With EU polls nearing, Mitsotakis, Kasselakis and Androulakis seek to stress rivals’ weaknesses

Party leaders are taking center stage

As the country enters the final stretch before the European elections on June 9, the constantly sharpening confrontation between ruling New Democracy and main opposition parties SYRIZA and PASOK is shifting to the level of political leaders.

Given that Kyriakos Mitsotakis, Stefanos Kasselakis and Nikos Androulakis, in one way or another, are stepping forward in the run-up to the elections, the focus is on the effort to highlight the weaknesses of the opponents with the goal of rallying their respective bases.

Prime Minister Mitsotakis accuses Kasselakis of lifestyle politics and incoherent speech, while slamming both him and Androulakis for steering clear of issues related to Europe and the significance of the European elections.

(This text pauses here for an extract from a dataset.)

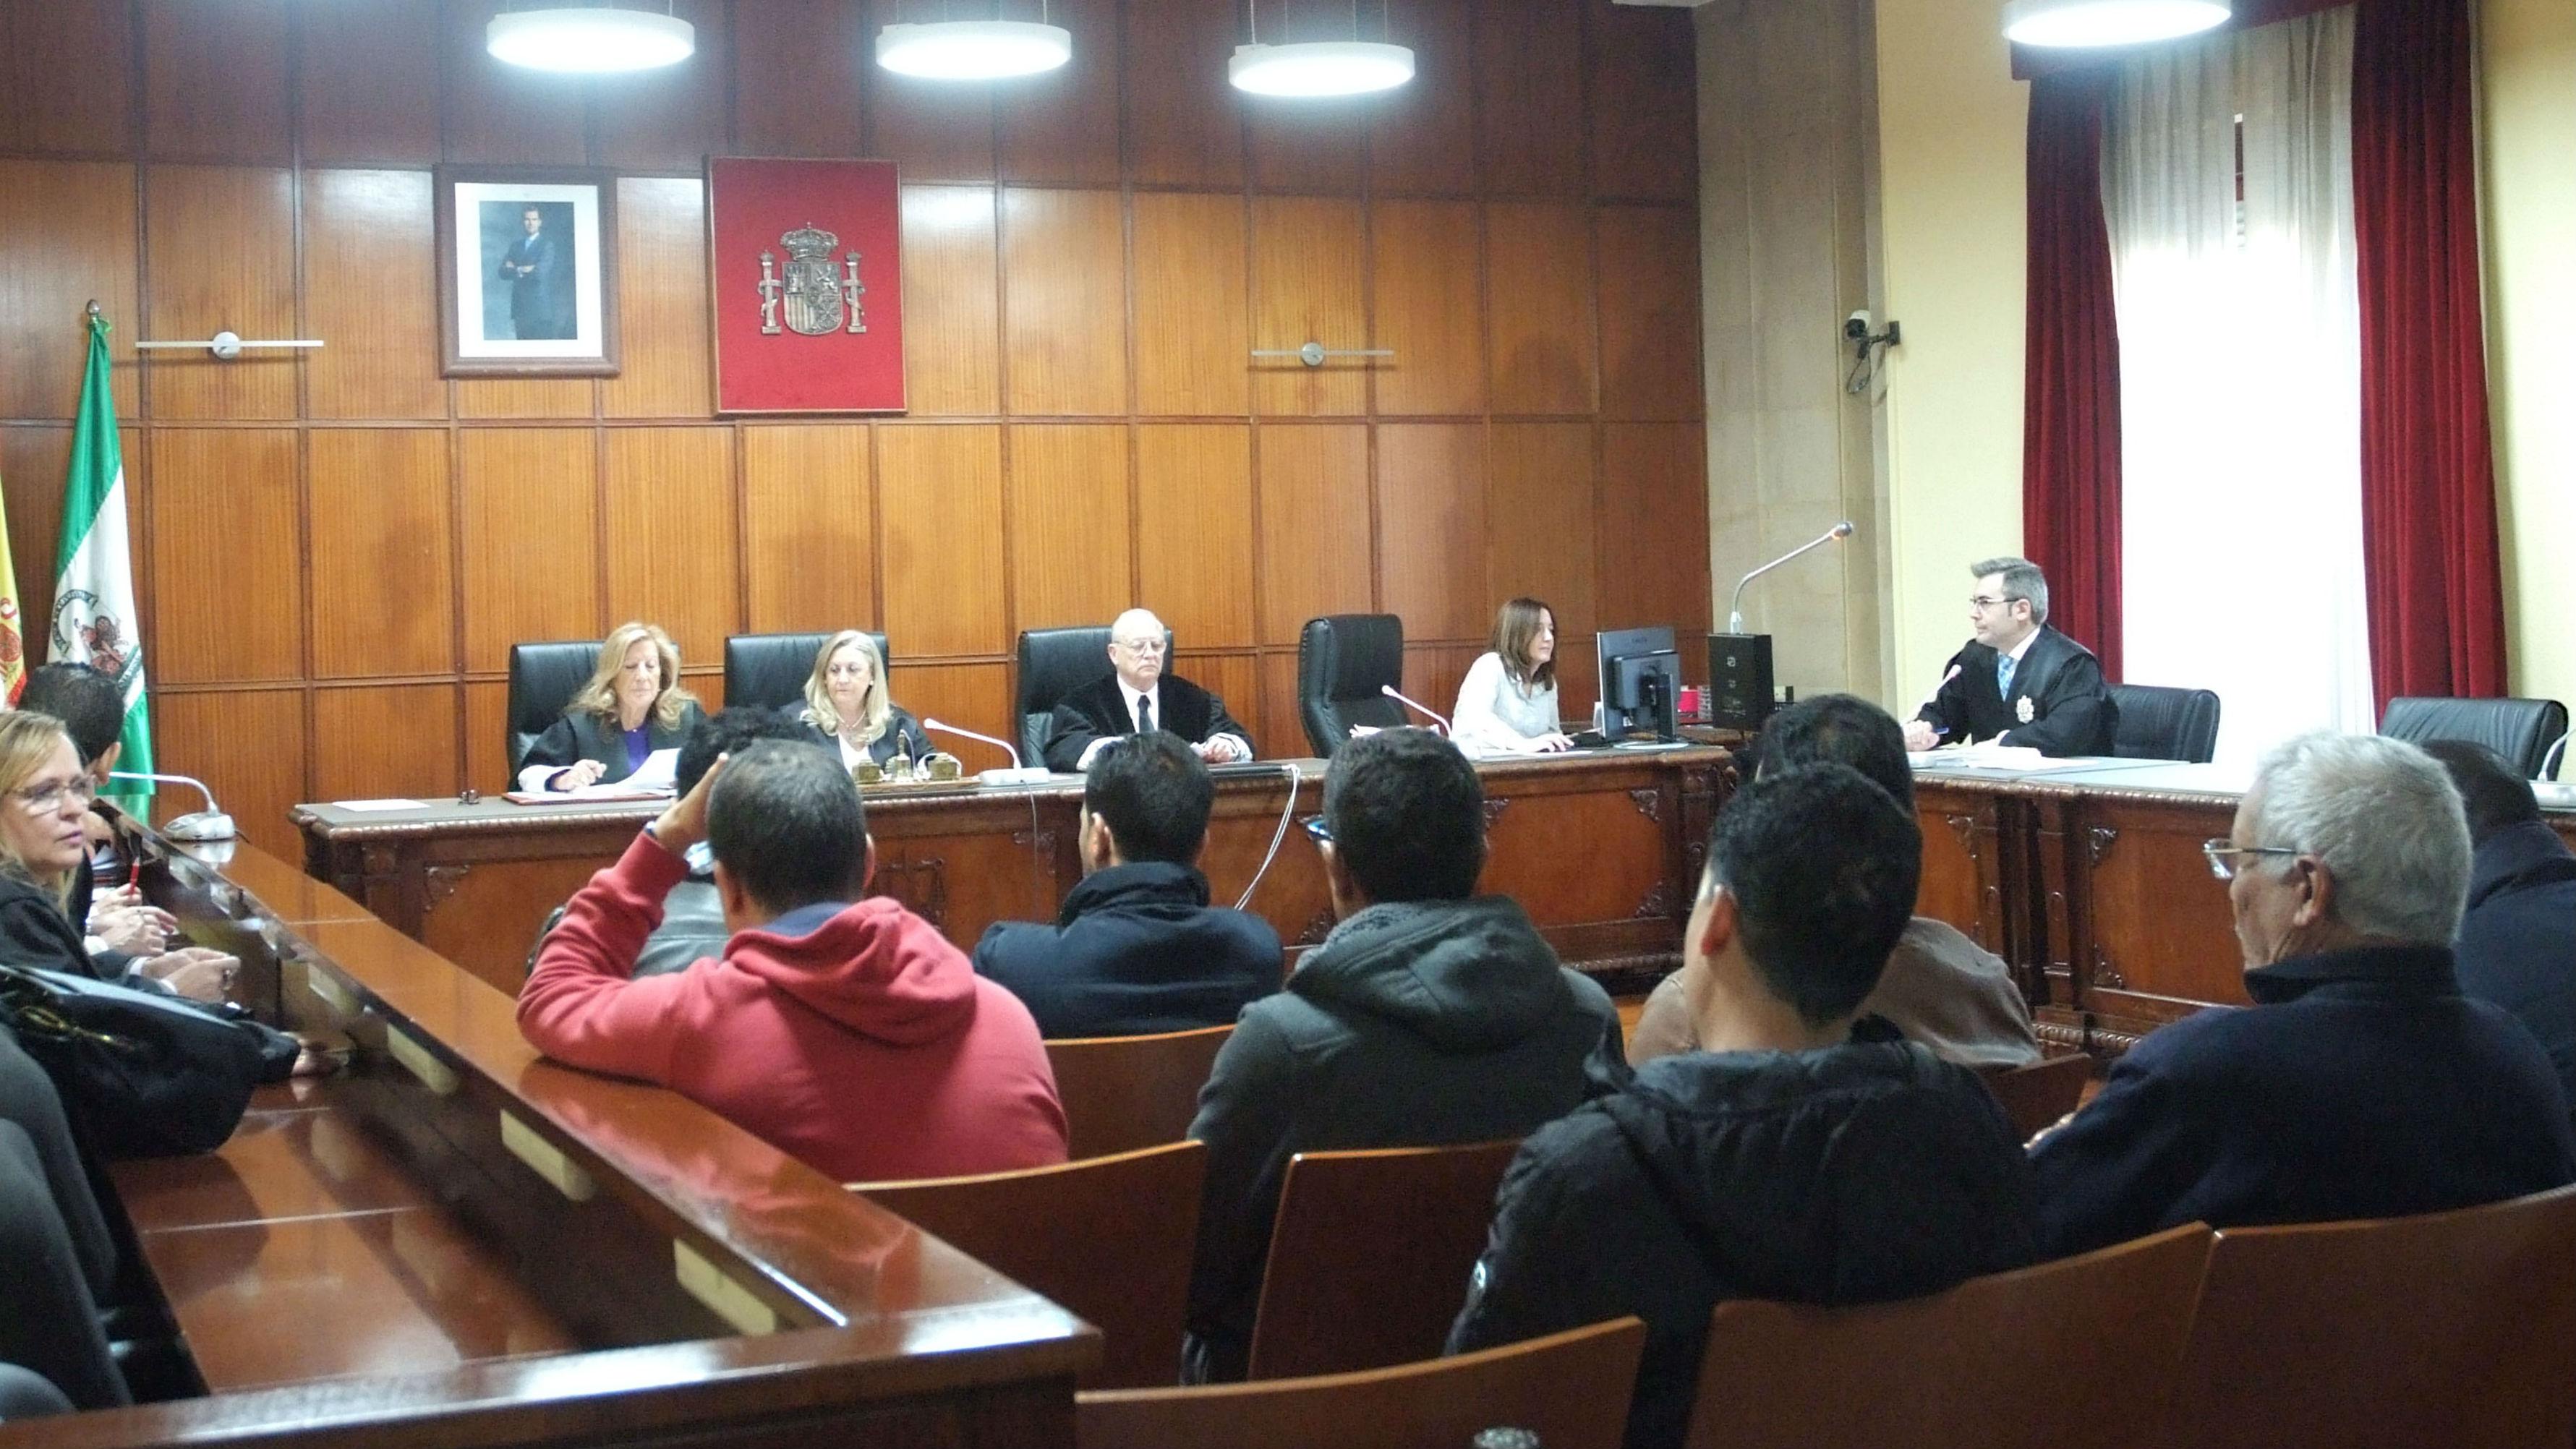 El juicio se ha celebrado en la Audiencia de Jaén

Speaking to Open TV on Wednesday, Mitsotakis denounced Kasselakis for engaging in “lifestyle populism that comes and intersects with the worst days of SYRIZA, which demanded everything from everyone and brought the country to the brink of bankruptcy.”

He also urged the leftist party leader to have “a little more modesty and less complacency,” accusing him of “turning internet trolls into official political positions.”

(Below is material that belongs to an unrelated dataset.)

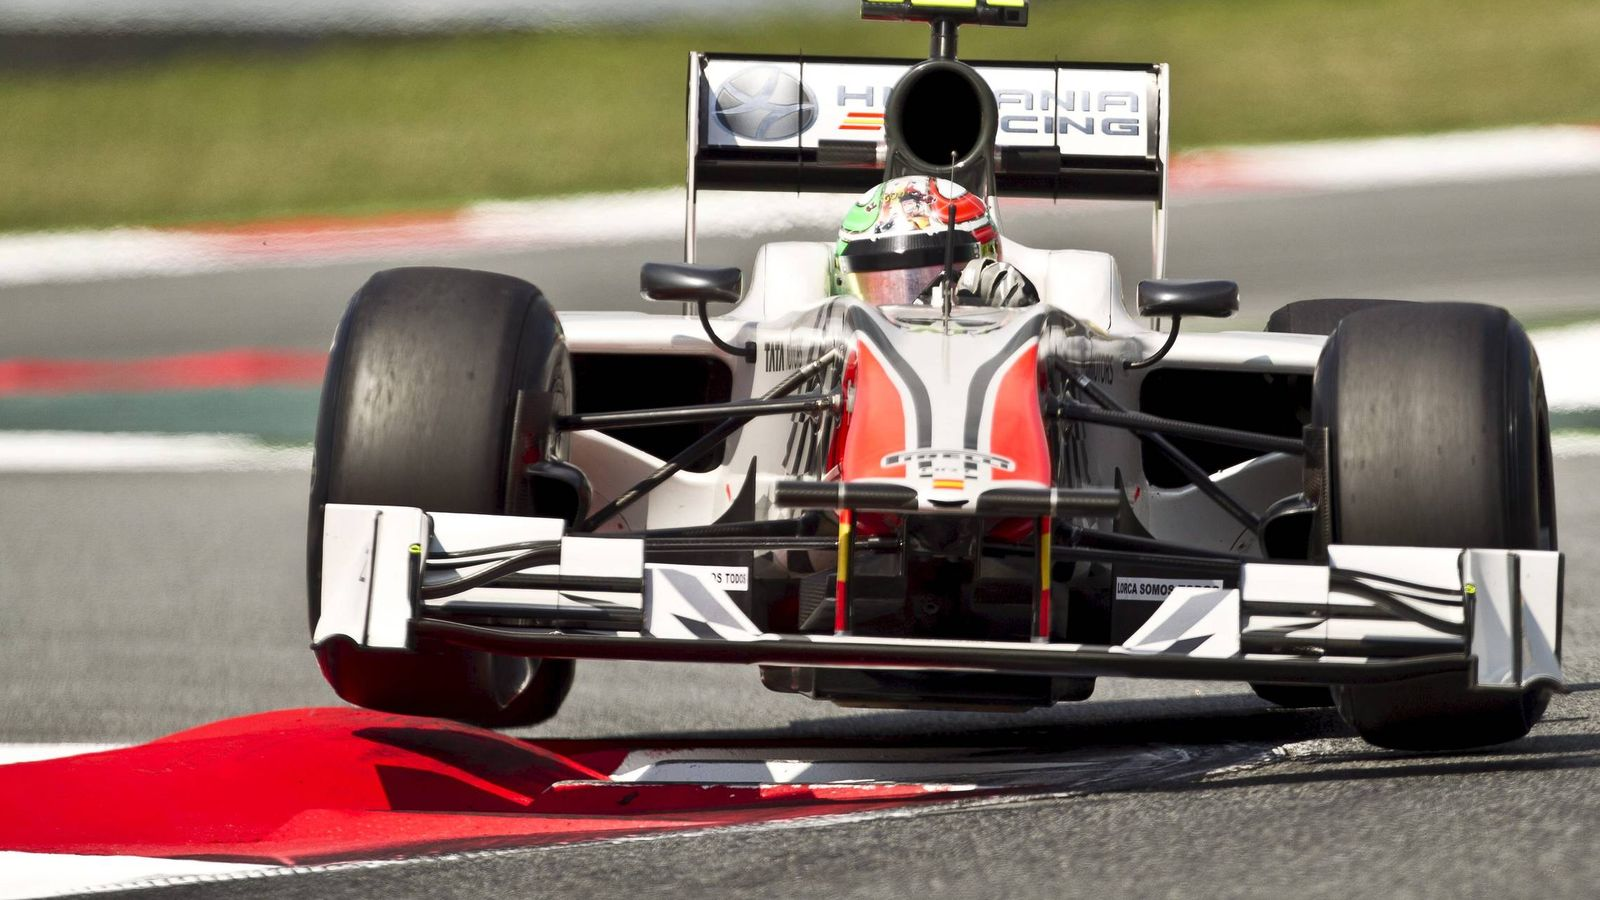 Foto: El monoplaza de HRT en la temporada 2011. (EFE)

For his part, Kasselakis maintains the front with the government, and has questioned whether the progressive citizens who voted for Mitsotakis “applaud the rhetoric of his far-right ministers,” while lambasting PASOK officials as a “source of human resources” for ND.

He is also seeking to woo voters who may back the splinter New Left party, referring to “a big hug to the whole progressive world and to former comrades who may have been disillusioned with SYRIZA.”

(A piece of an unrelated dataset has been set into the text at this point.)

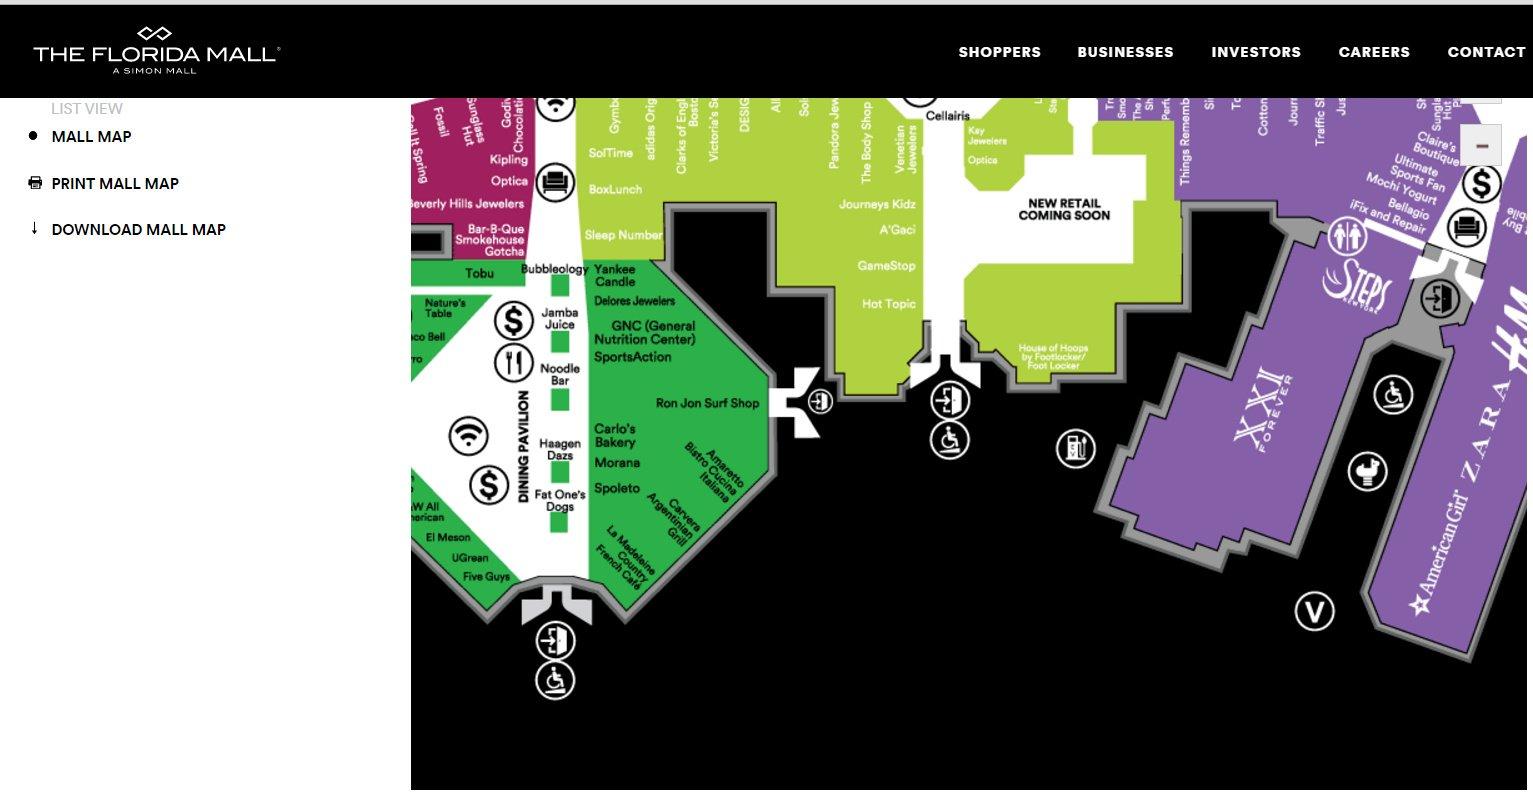 Impresión de pantalla: Mapa general que incorpora informacion de accesibilidad | The Florida Mall

Referring to Kasselakis’ call to PASOK members to jump ship and move to SYRIZA, Androulakis said mockingly that he “didn’t sleep all night because of my distress that he won’t call me.”

And he made sure to add that if PASOK emerges strengthened from the June 9 ballot, it can unite the progressive world against conservatism.

“Because, at the table where we will sit politically, ideologically, institutionally to form this front, other people can come. No one can go to Kasselakis’ table, they have already left.”